One of the main reasons to build right along the property line is to create more usable space on the lot, especially if the lot is small. A home with setbacks will be surrounded by several small patches of lawn or garden which may require a lot of work for minimal returns. By contrast, a home built right along the property line can have one large outdoor area, which is why such structures are sometimes called garden, patio, or narrow-lot homes.
Building along the property line can also be used to maximize indoor space by building a larger structure, or to eliminate the need for landscaping altogether by filling the lot, as is done with some retail businesses and town homes. A store, for example, might butt up against the sidewalk with walls which are very close to the property line, and a small space in back for parking.
Promoting zero lot line development can encourage people to use available land more efficiently, and it can sometimes be used to create more environmentally friendly designs by encouraging people to pool open space together to create park-like areas which create habitats. For example, homes in a housing development might cluster around a central common area, rather than each having a small yard. People can sometimes enjoy more privacy as well by pushing a home up against one of the property lines.

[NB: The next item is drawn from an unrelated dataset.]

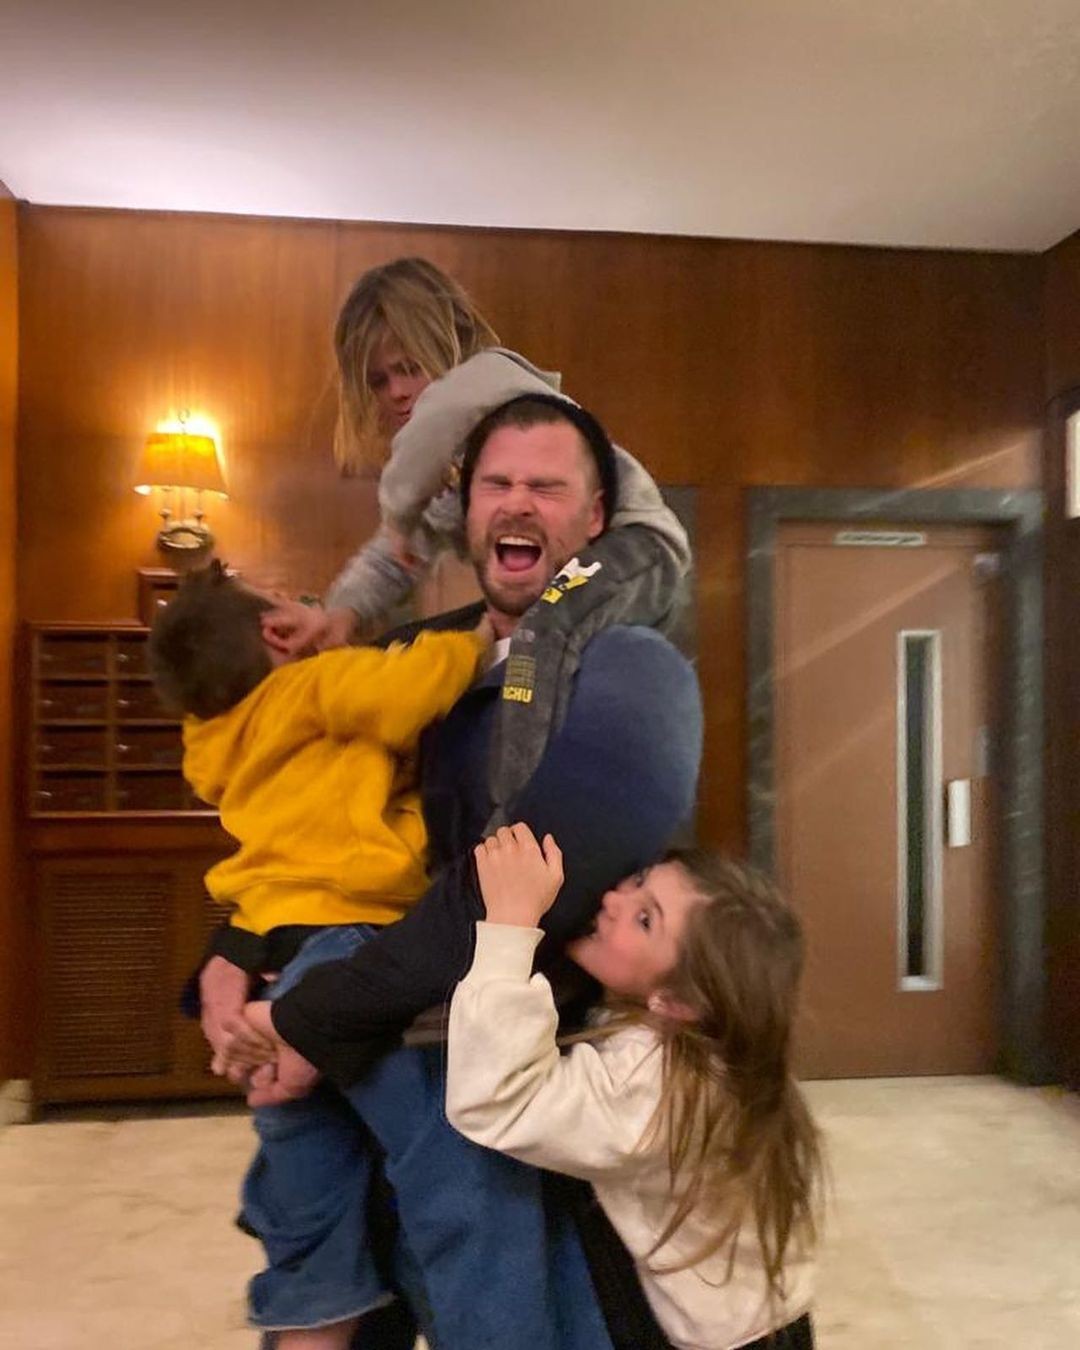 Chris Hemsworth posta foto com filho e vira motivo de piada

There are some distinct disadvantages to zero lot line construction. One of the big issues is that it is often not possible to include windows, as another structure may be right on the other side of the property line, and sometimes structures even share a wall in a zero lot line development. The lack of space can also become an issue during disputes over noise and land use, because there is no buffer between neighbors. Maintaining the exterior of the structure can also be challenging, as any sort of cleaning, maintenance, and construction will encroach on the neighboring property or public land.